▶ _YOUR GOAL_: Starting at the line that contains "GOES N Launch", restate every line word for word through the end of the entries.

▶ _DATA FOR THIS EXERCISE_:
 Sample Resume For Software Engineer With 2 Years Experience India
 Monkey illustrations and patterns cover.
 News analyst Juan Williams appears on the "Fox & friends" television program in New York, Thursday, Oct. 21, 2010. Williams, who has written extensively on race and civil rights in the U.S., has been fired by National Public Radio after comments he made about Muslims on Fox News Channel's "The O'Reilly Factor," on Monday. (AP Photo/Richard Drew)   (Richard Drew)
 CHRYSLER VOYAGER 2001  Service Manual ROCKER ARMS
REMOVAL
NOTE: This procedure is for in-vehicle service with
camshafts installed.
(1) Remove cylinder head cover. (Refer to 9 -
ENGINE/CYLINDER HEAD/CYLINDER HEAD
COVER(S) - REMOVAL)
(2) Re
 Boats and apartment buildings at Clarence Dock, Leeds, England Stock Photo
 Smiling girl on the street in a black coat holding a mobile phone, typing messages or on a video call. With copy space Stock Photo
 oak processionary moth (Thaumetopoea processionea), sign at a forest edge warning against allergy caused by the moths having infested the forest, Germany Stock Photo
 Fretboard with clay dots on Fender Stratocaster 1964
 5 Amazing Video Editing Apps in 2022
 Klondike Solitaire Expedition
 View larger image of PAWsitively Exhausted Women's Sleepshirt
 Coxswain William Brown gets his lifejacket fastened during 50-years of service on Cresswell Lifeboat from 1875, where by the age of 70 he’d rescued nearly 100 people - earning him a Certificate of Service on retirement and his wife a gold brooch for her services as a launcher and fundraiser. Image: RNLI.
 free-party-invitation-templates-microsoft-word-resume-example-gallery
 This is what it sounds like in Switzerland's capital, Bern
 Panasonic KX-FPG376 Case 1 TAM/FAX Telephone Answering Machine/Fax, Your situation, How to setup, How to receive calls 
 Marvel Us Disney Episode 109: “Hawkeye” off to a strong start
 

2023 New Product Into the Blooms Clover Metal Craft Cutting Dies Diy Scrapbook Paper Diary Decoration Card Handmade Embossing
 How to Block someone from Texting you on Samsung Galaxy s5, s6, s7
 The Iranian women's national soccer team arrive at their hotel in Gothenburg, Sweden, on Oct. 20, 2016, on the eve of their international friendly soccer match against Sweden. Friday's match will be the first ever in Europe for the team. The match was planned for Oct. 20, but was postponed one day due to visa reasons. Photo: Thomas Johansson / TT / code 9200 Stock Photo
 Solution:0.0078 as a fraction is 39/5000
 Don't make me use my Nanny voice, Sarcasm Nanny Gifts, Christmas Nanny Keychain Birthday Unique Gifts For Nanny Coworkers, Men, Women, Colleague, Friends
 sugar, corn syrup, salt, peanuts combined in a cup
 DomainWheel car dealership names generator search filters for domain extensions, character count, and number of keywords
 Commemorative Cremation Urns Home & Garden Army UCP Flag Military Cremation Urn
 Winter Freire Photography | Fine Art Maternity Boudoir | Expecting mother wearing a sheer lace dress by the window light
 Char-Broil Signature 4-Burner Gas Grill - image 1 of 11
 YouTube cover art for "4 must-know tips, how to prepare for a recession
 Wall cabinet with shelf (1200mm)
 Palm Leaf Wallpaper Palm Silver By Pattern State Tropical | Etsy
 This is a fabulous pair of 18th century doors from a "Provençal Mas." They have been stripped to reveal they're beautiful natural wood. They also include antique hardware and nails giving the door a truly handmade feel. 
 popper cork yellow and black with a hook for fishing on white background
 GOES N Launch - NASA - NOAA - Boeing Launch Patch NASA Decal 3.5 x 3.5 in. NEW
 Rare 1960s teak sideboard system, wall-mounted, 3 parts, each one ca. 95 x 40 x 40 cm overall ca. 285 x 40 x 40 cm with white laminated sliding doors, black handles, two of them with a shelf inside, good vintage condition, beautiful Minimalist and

▶ _EXERCISE SOLUTION_:
 GOES N Launch - NASA - NOAA - Boeing Launch Patch NASA Decal 3.5 x 3.5 in. NEW
 Rare 1960s teak sideboard system, wall-mounted, 3 parts, each one ca. 95 x 40 x 40 cm overall ca. 285 x 40 x 40 cm with white laminated sliding doors, black handles, two of them with a shelf inside, good vintage condition, beautiful Minimalist and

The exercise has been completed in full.